Mohács (/hu/; Croatian: Mohač; Mohatsch; Мохач; Mohaç; Mohaci) is a town in Baranya County, Hungary, on the right bank of the Danube.

==Etymology==
The name probably comes from the Slavic *Mъchačь,*Mocháč: mъchъ (moss, Hungarian moha is a loanword from Slavic) + the Slavic suffix -ačь, like Slovak Mochnáč or Czech Macháč. See 1093/1190/1388 Mohach.

==History==
Two famous battles took place in the vicinity of Mohács in 1526 and 1687. These battles represented the beginning and end, respectively, of the Ottoman domination of Hungary.

In Roman times there was a camp on the banks of the Danube near Mohács.

In the medieval Kingdom of Hungary, Mohács formed part of the historical Baranya county, and during Ottoman rule it functioned as the administrative seat of the Sanjak of Mohács, an Ottoman administrative unit.
After the Habsburgs took the area from the Ottomans, Mohács was included in the restored Baranya county.

In 1910 the population of the Mohács district numbered 56,909 people, of whom 21,951 spoke German, 20,699 Hungarian, 4,312 Serbian, and 421 Croatian. Another 9,600 inhabitants were listed as speaking "other languages".

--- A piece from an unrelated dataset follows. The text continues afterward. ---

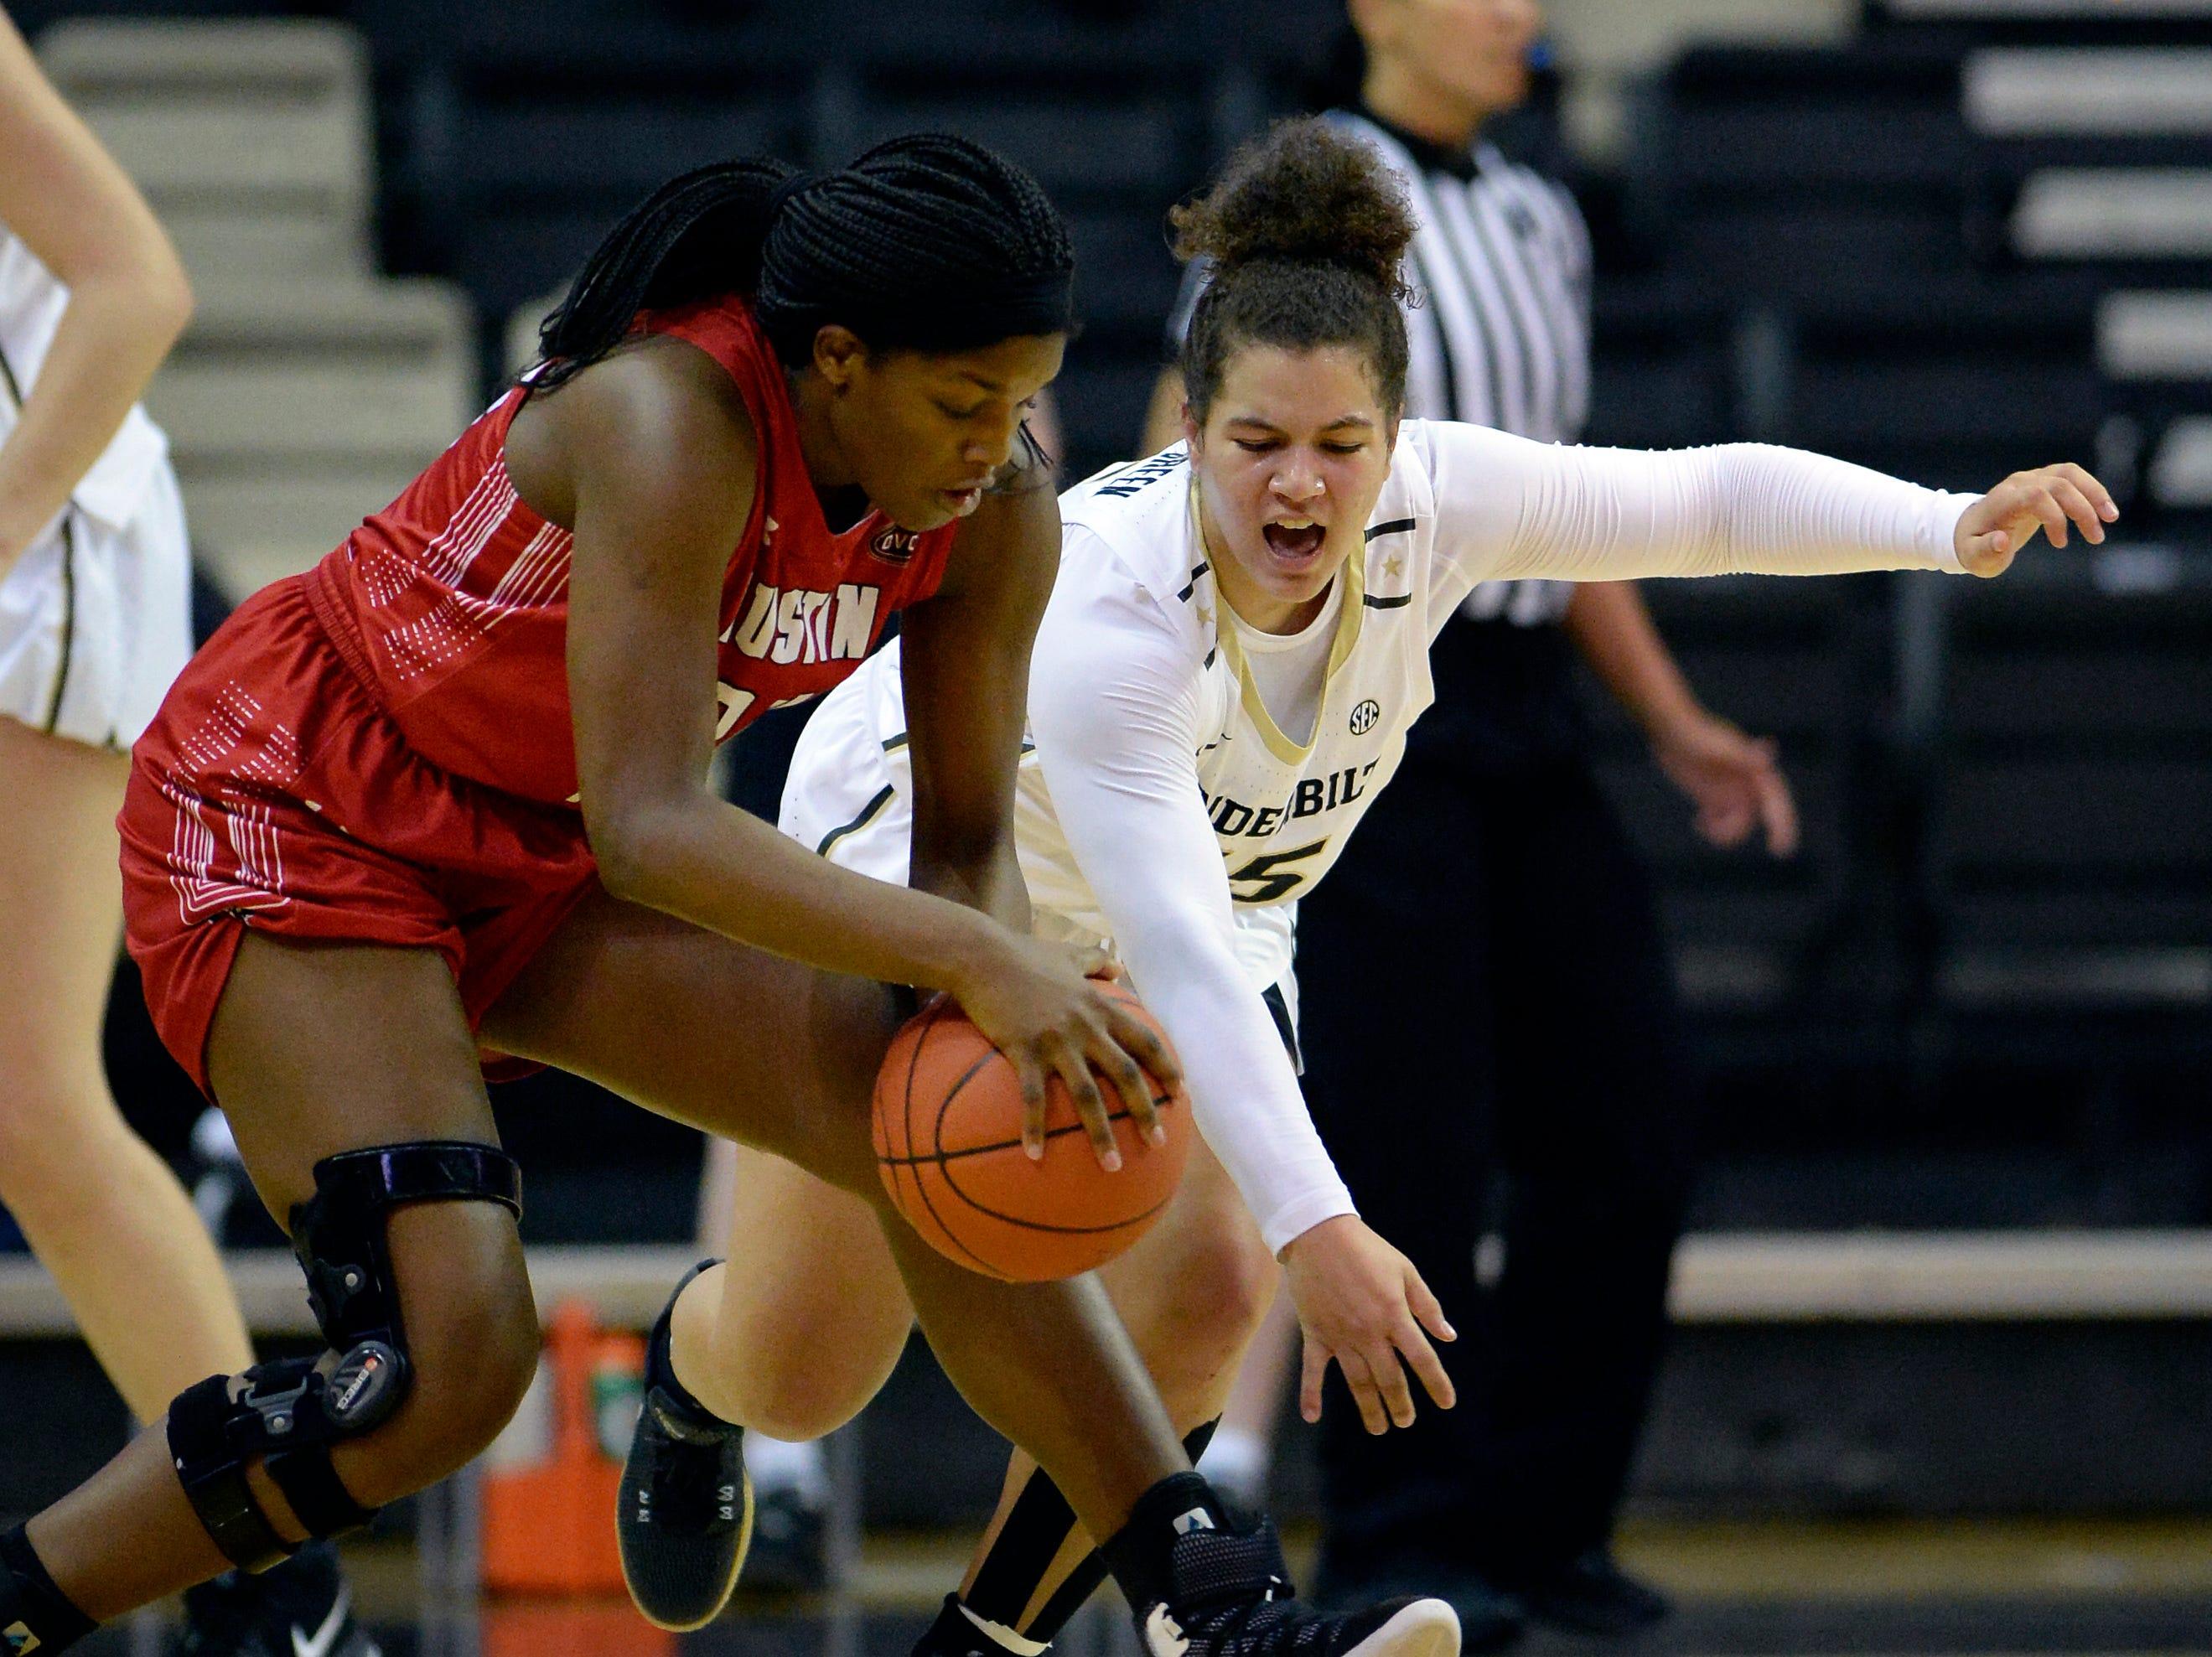 Austin Peay forward Kelen Kenol (24) is defended by Vanderbilt guard Kaleigh Clemons-Green (35) during the first half of an NCAA college basketball game Monday, Nov. 12, 2018, in Nashville, Tenn.

Until the end of World War II, Danube Swabians comprised the majority of the inhabitants - called locally Stifolder, because their ancestors came in the 17th and 18th centuries from Fulda (district). Most of the former German settlers were expelled to Allied-occupied Germany and Allied-occupied Austria in 1945-1948, in accordance with the 1945 Potsdam Agreement.

==Events==

Every spring, the town hosts the annual Busójárás carnival. These traditional festivities have been inscribed on the Representative List of the Intangible Cultural Heritage of Humanity of the UNESCO in 2009.

== Demographics ==
According to the 2011 census, the total population of Mohács was 17,808, of whom there were 15,842 (84.2%) Hungarians, 1,723 (9.7%) Germans, 700 (3.9%) Croats, and 537 (3%) Romani. 14% of the total population did not declare their ethnicity. In Hungary, people can declare more than one ethnicity (dual identity), so the sum exceeds the total population.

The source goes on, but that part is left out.